EXERCISE OBJECTIVE
From the first line to the last, restate the material word for word; pictures stay out.

DATA SHOWN
=-=-=-=-=

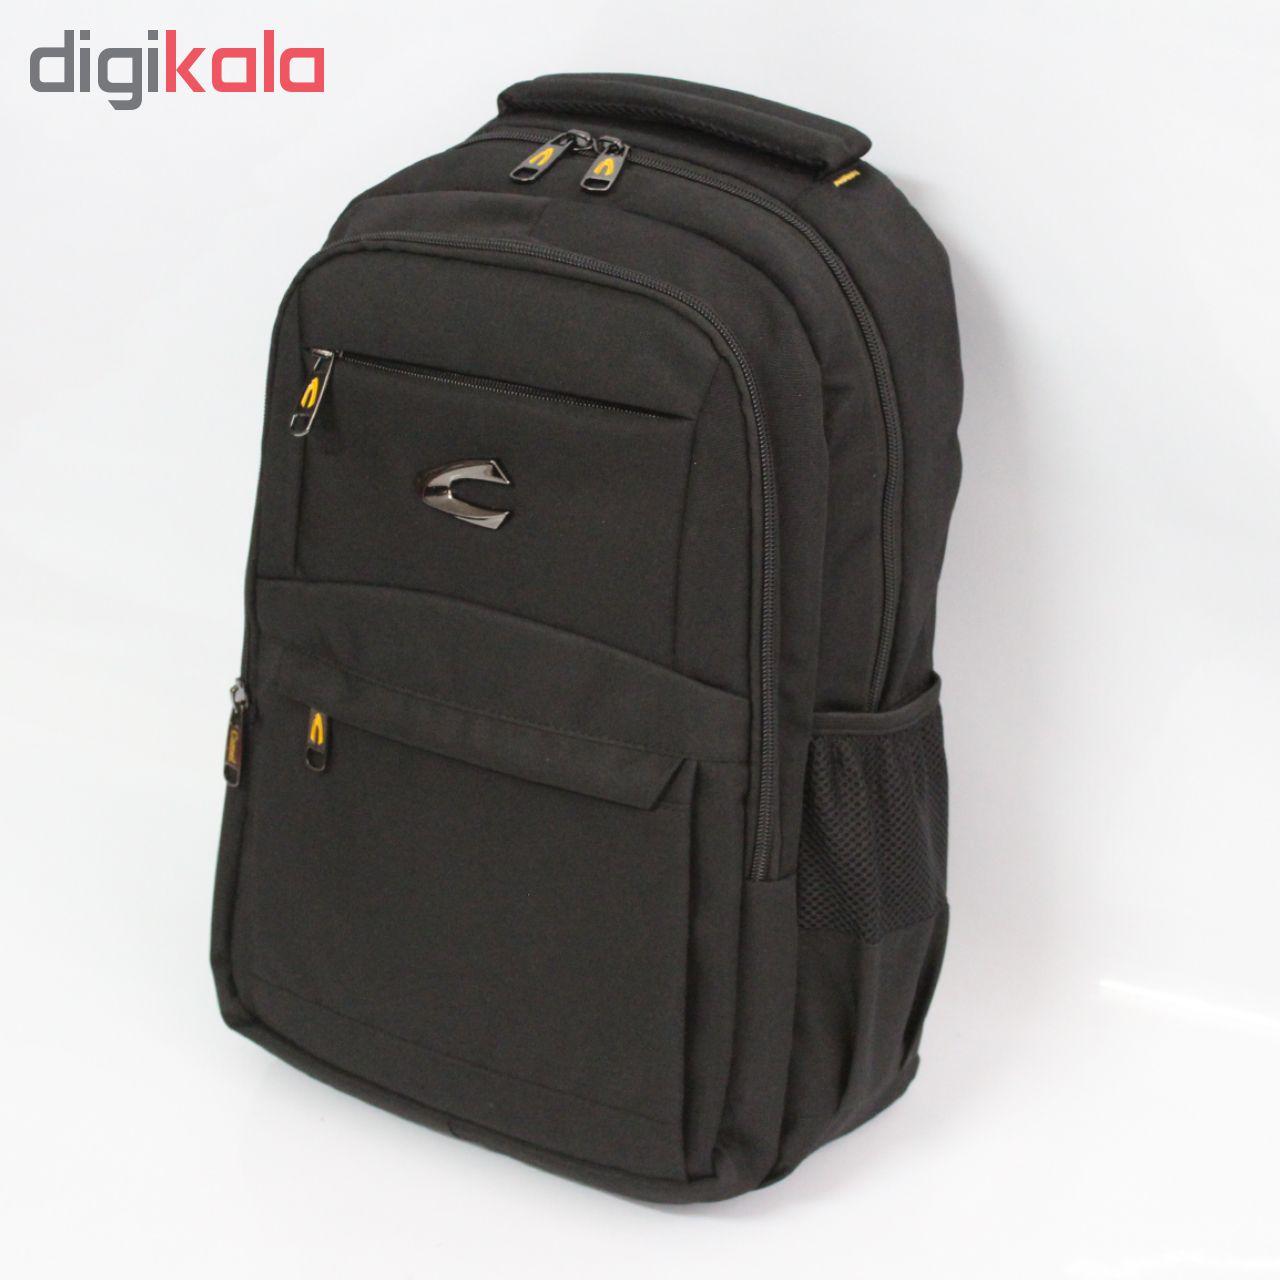 کوله پشتی لپ تاپ کمل مدل P1052 مناسب برای لپ تاپ 15 اینچی
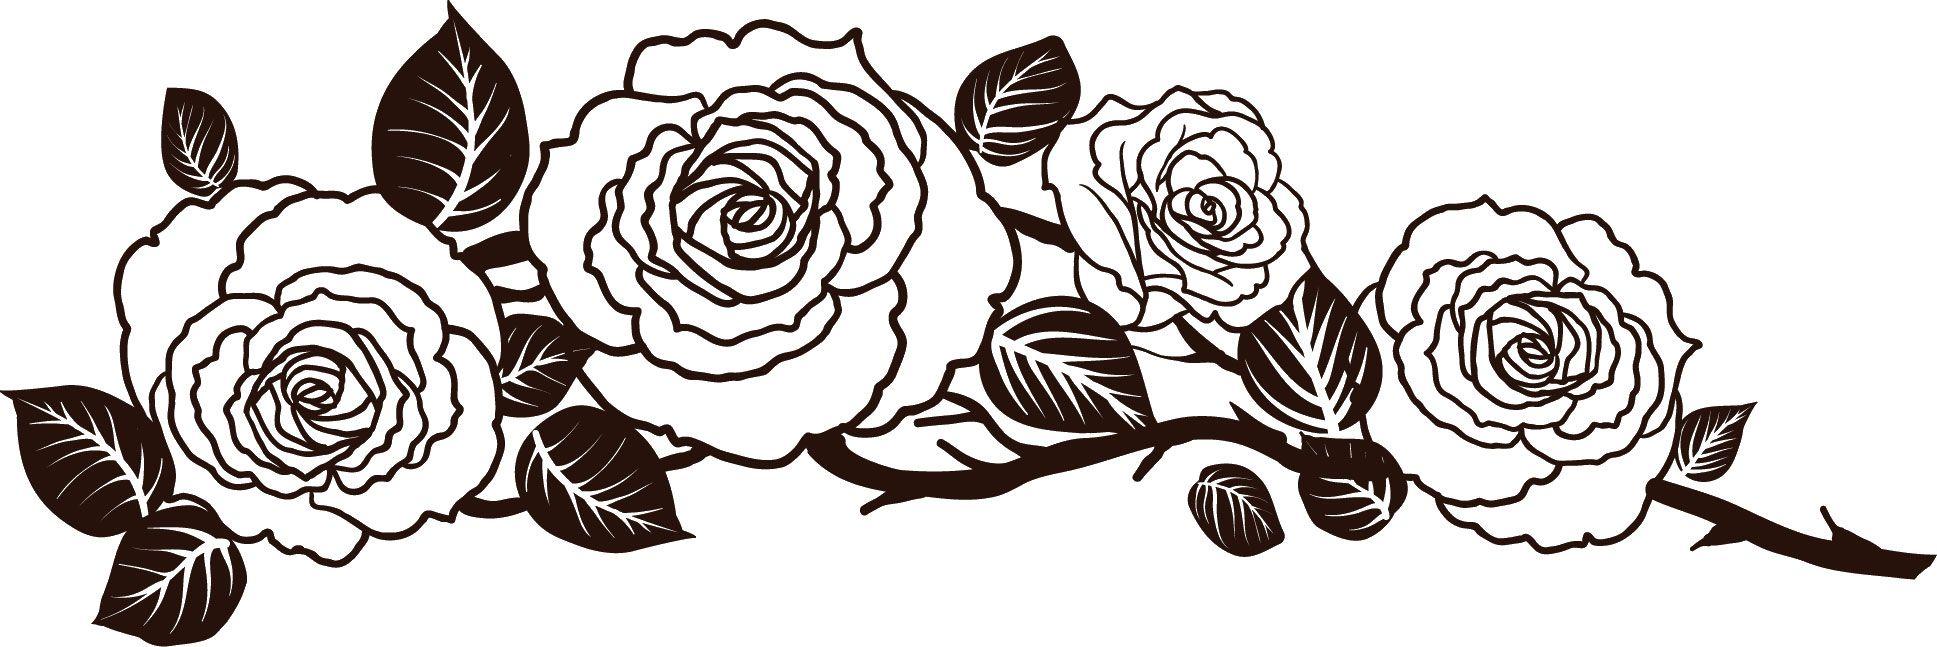 花のライン線イラスト 白黒バラ模様 Strictly Stencils バラ
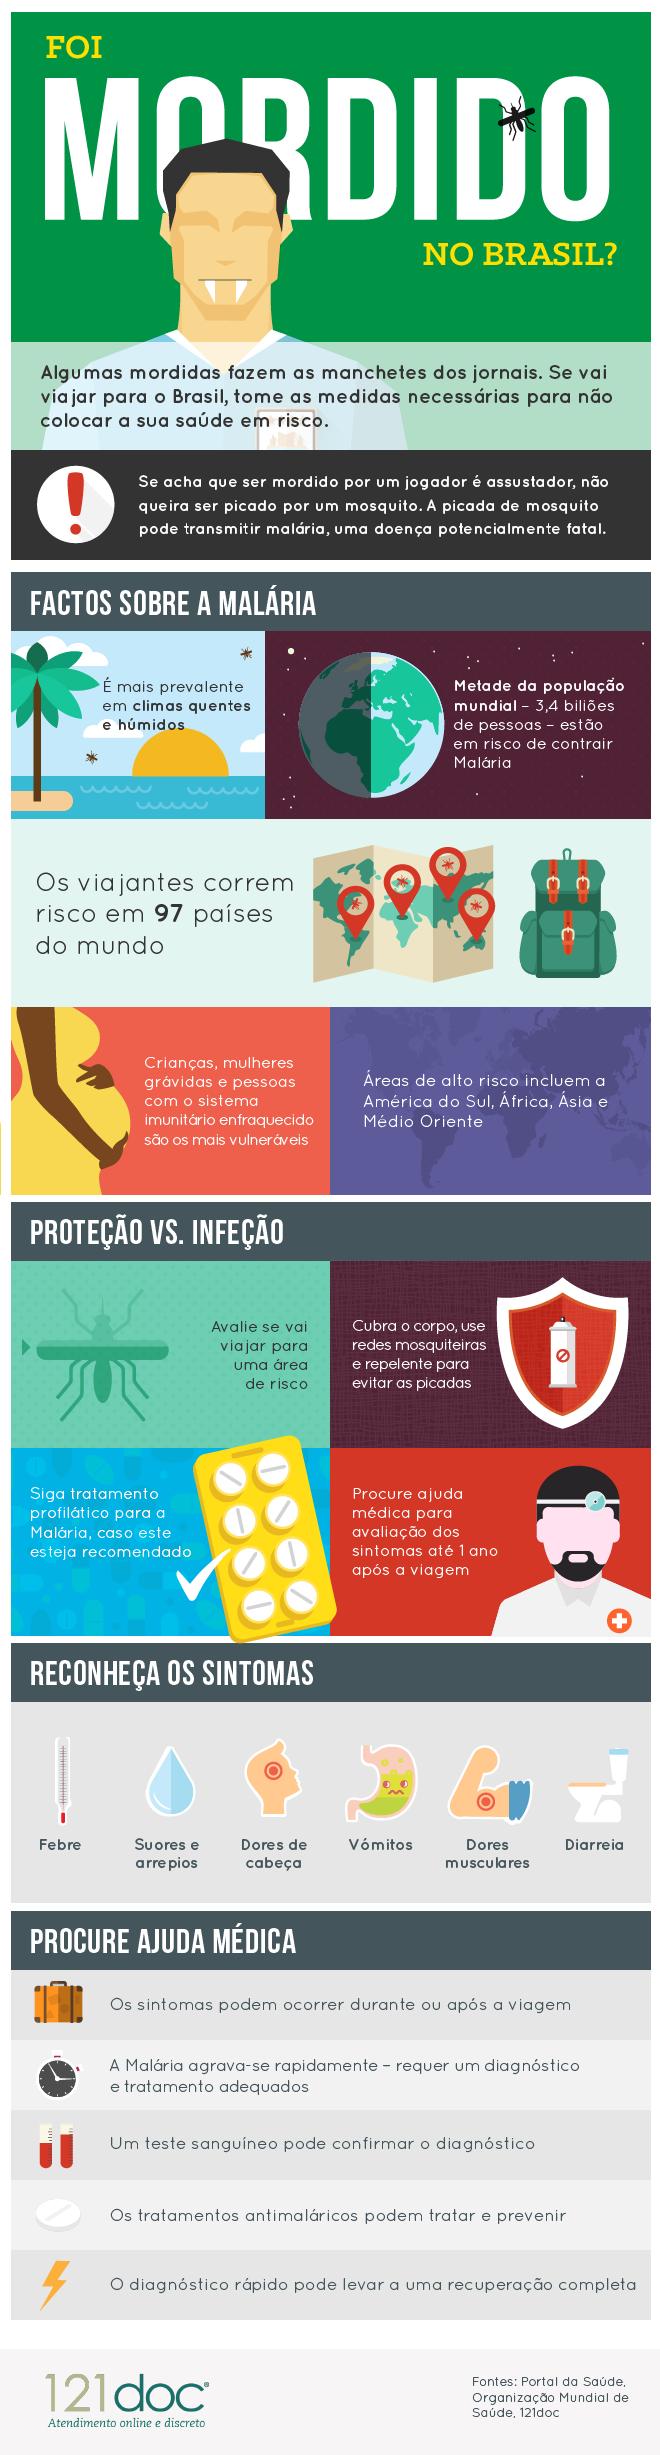 Malária - Foi mordido no Brasil?
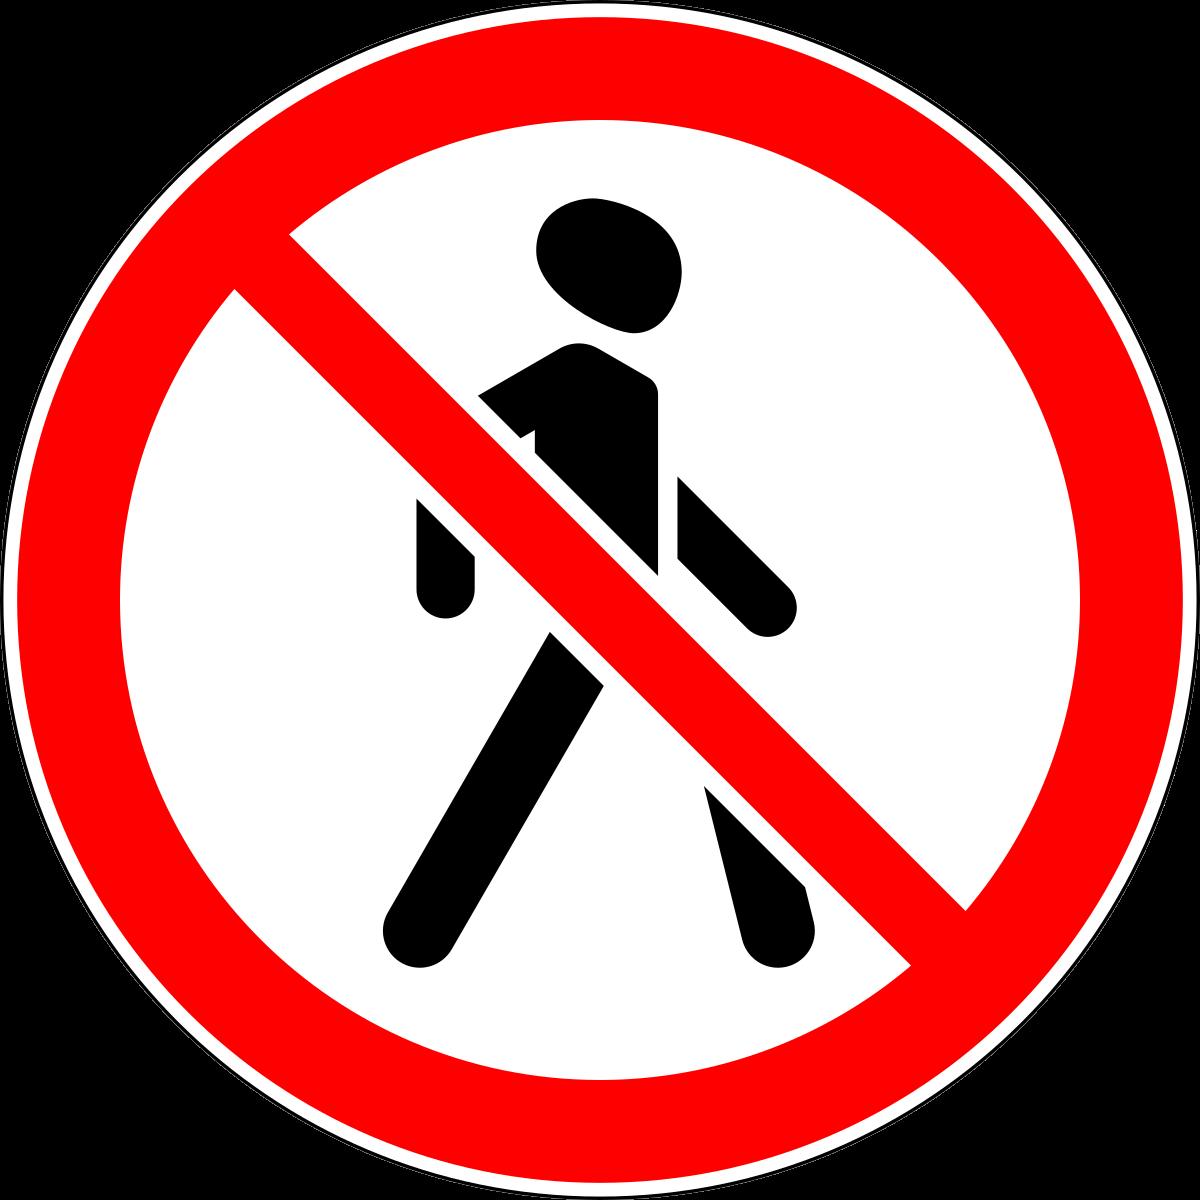 Знак 3.10 Жаяу жүргіншілердің қозғалысына тыйым салынады/ Движение пешеходов запрещено

=-=-=-=-=

RESPONSE
 کوله پشتی لپ تاپ کمل مدل P1052 مناسب برای لپ تاپ 15 اینچی
 花のライン線イラスト 白黒バラ模様 Strictly Stencils バラ
 Malária - Foi mordido no Brasil?
 Знак 3.10 Жаяу жүргіншілердің қозғалысына тыйым салынады/ Движение пешеходов запрещено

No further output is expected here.